* Listed records:

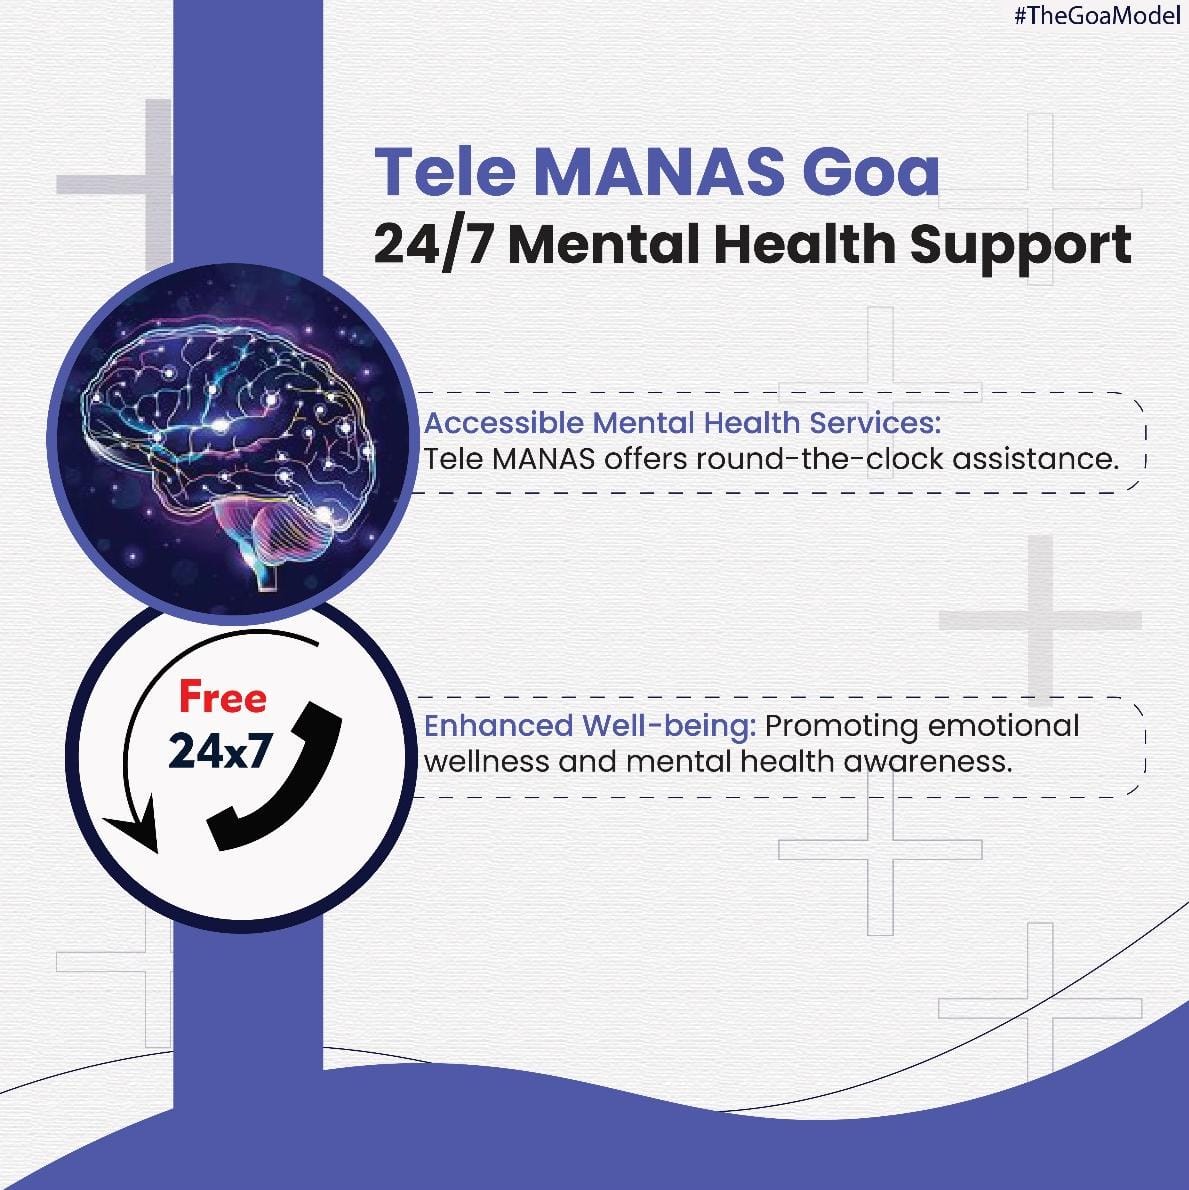 Need mental health support in Goa? Tele MANAS is here with 24/7 assistance, promoting emotional wellness and mental health awareness. #TeleMANASGoa #MentalHealthSupport
#TheGoaModel
#TeleMANASGoa #MentalHealthSupport #EmotionalWellness #MentalHealthAwareness
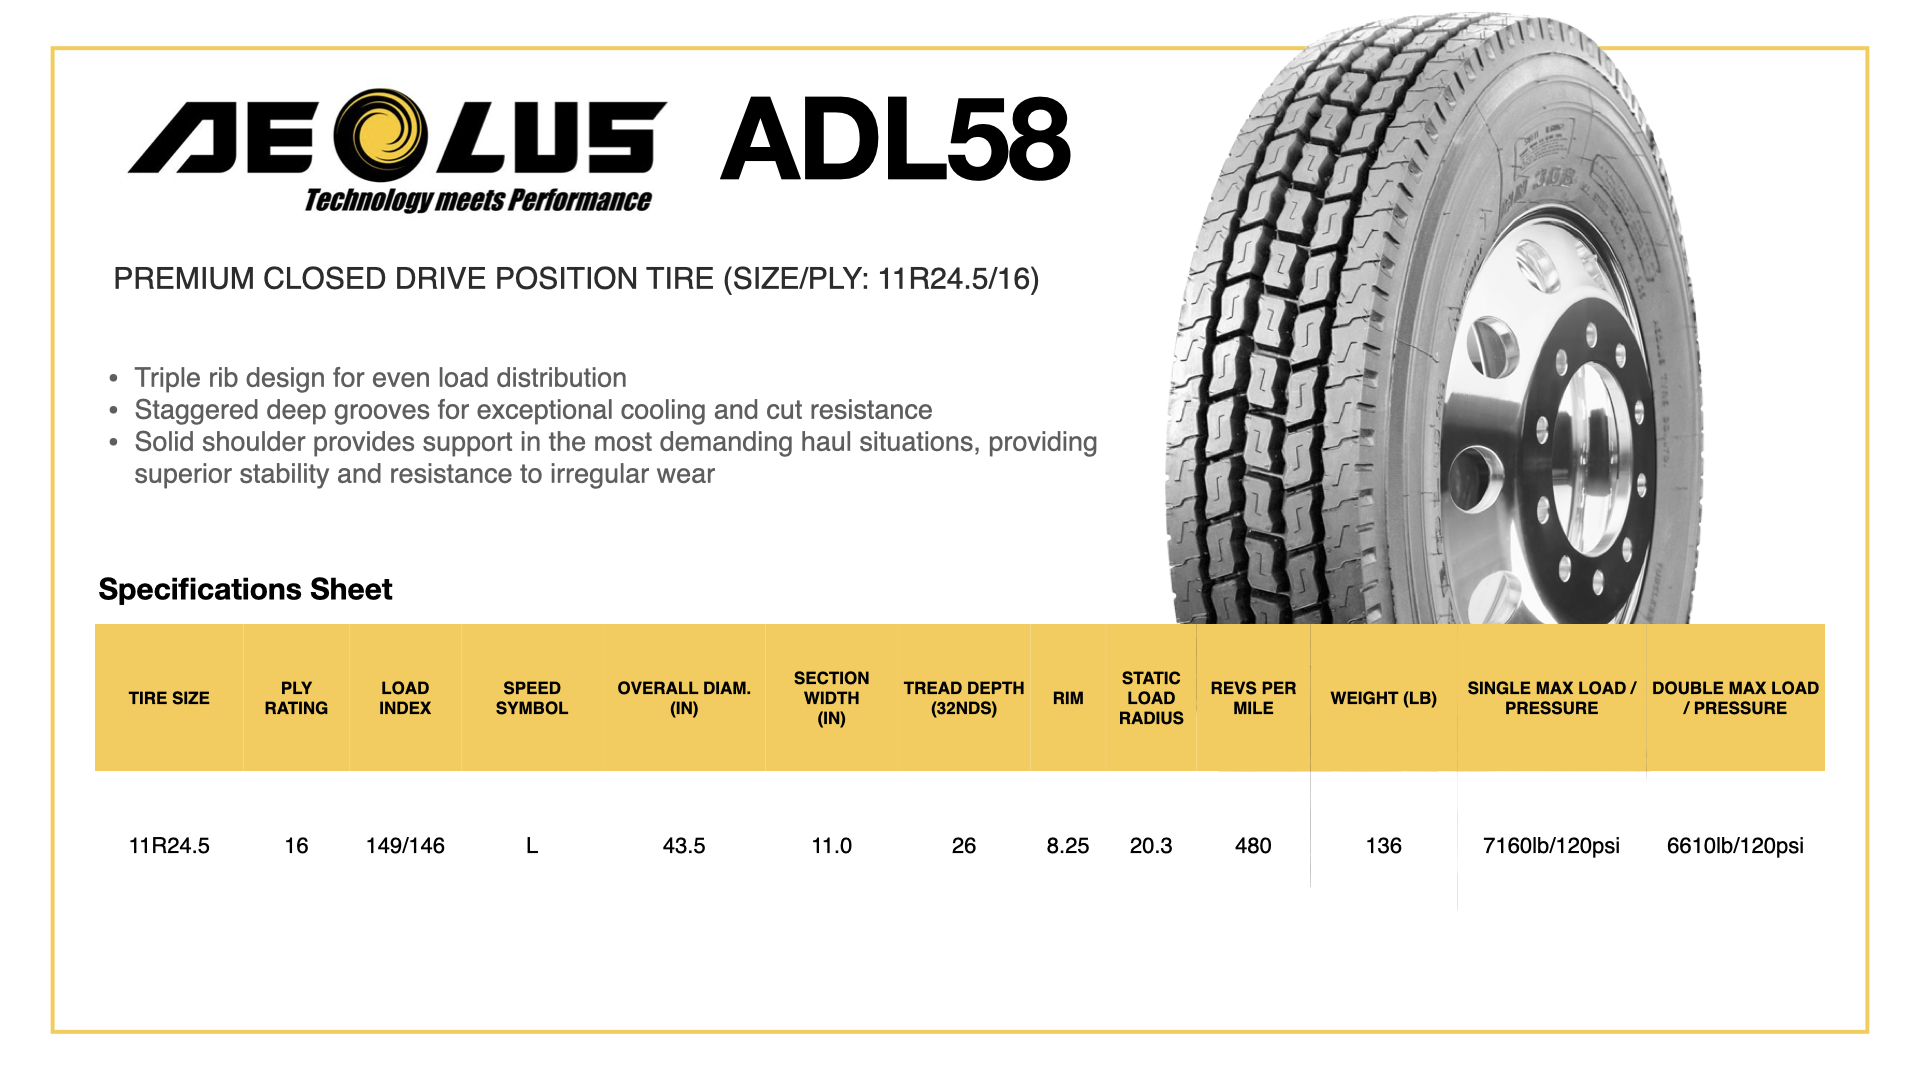 Aeolus ADL58 11R24.5 Specifications Sheet
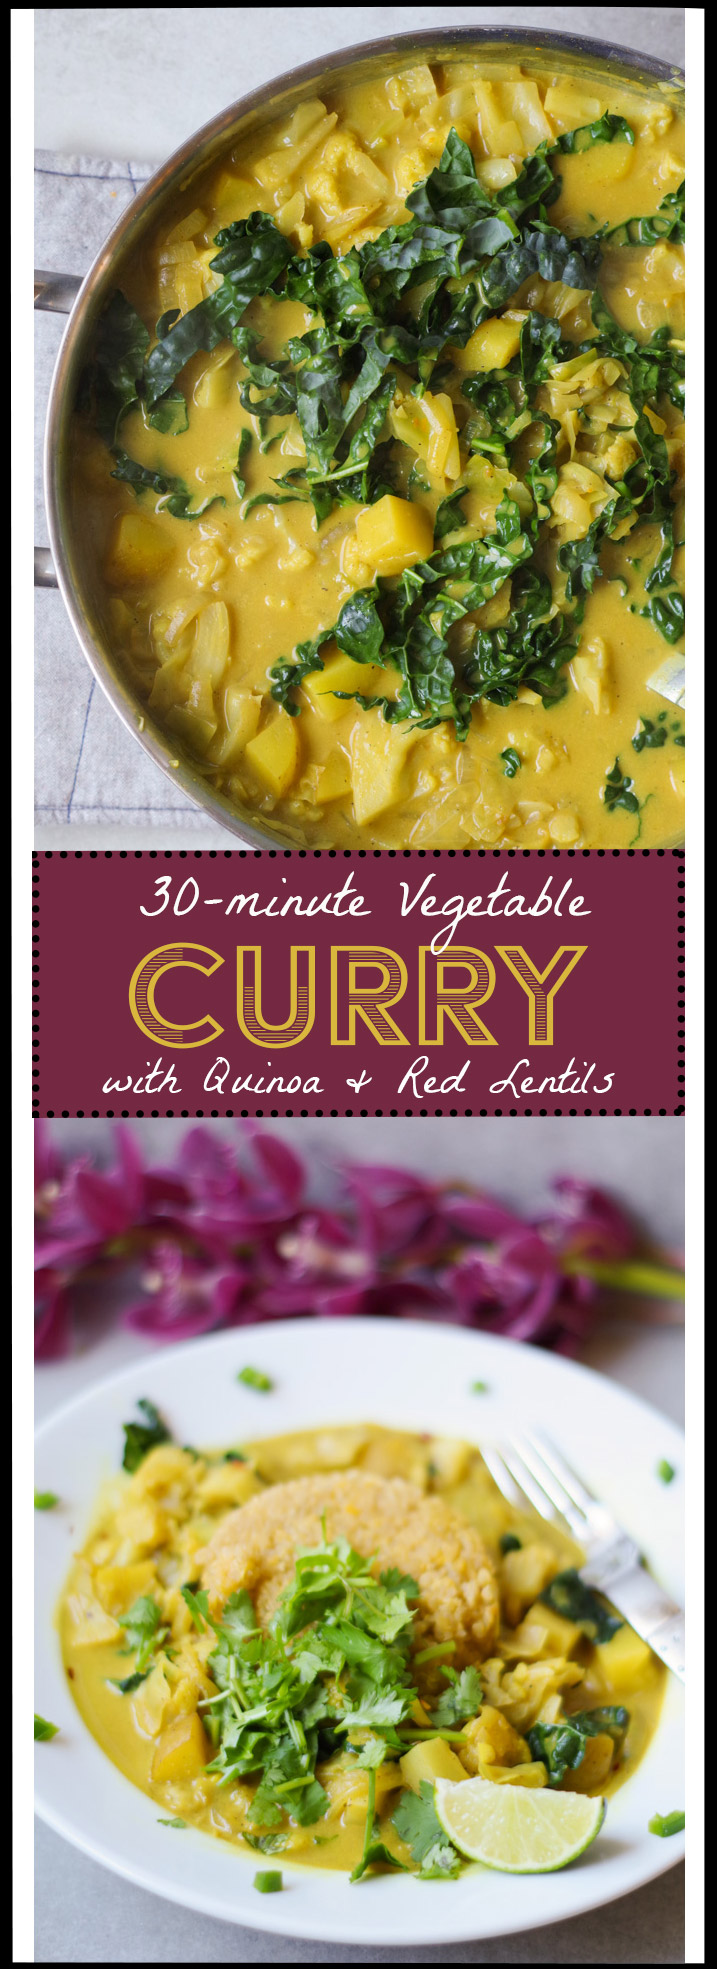 30-MINUTES VEGETABLE CURRY WITH QUINOA AND RED LENTILS, TOPPED WITH CILANTRO, LIME AND JALAPENOS. BY BEAUTIFUL INGREDIENT.
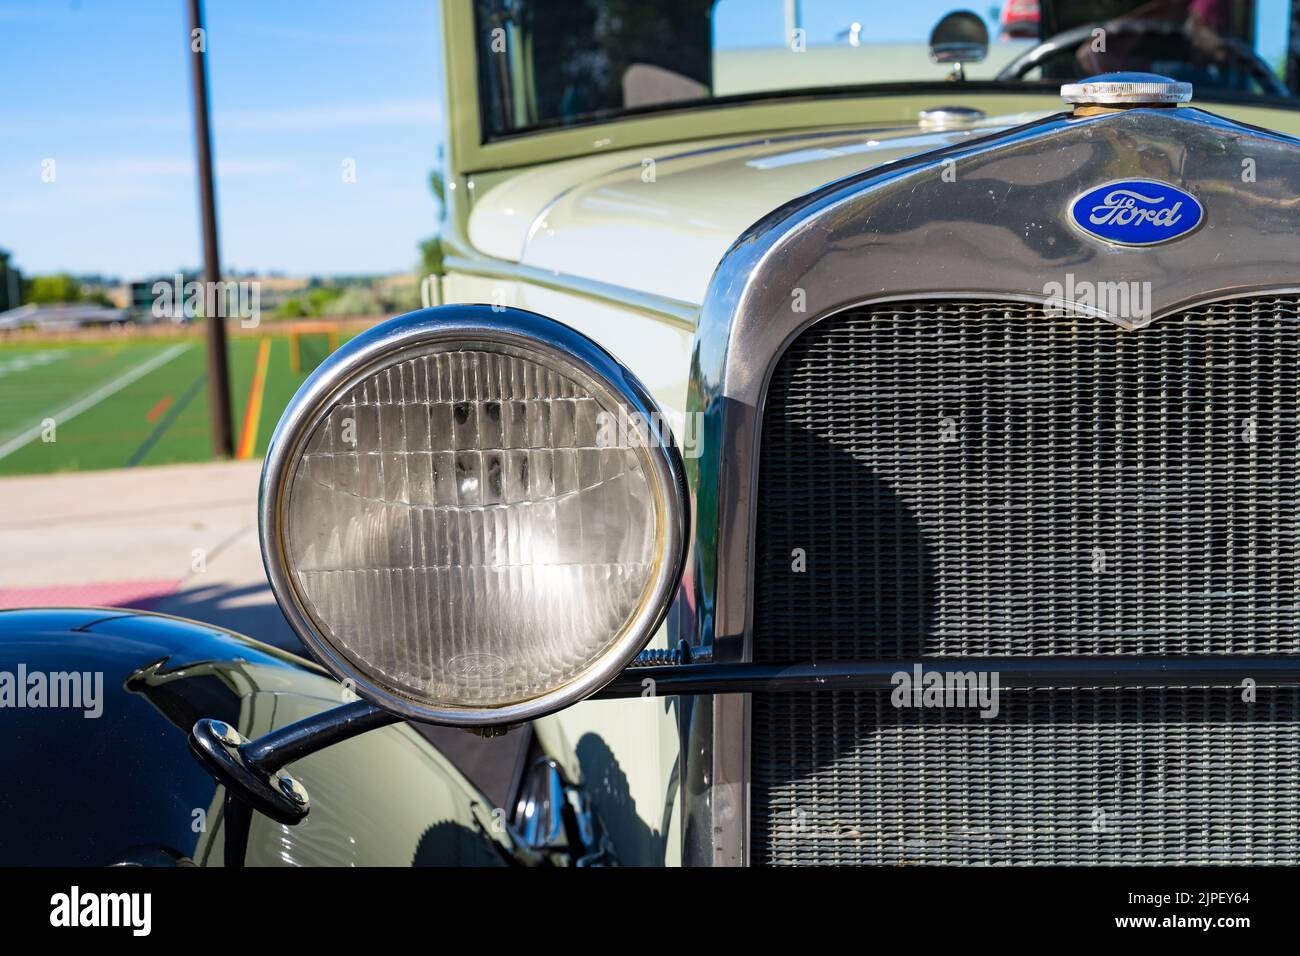 Loveland, CO - July 9,2022: Front grille of an old antique Ford Model A automobile at the Loveland Classic Car Show Stock Photo

* Activity:
Write out exactly the lines from the one that contains "#TheGoaModel" through the last line of the data above, both included. Leave every picture out.

* Solution for this problem:
#TheGoaModel
#TeleMANASGoa #MentalHealthSupport #EmotionalWellness #MentalHealthAwareness
 Aeolus ADL58 11R24.5 Specifications Sheet
 30-MINUTES VEGETABLE CURRY WITH QUINOA AND RED LENTILS, TOPPED WITH CILANTRO, LIME AND JALAPENOS. BY BEAUTIFUL INGREDIENT.
 Loveland, CO - July 9,2022: Front grille of an old antique Ford Model A automobile at the Loveland Classic Car Show Stock Photo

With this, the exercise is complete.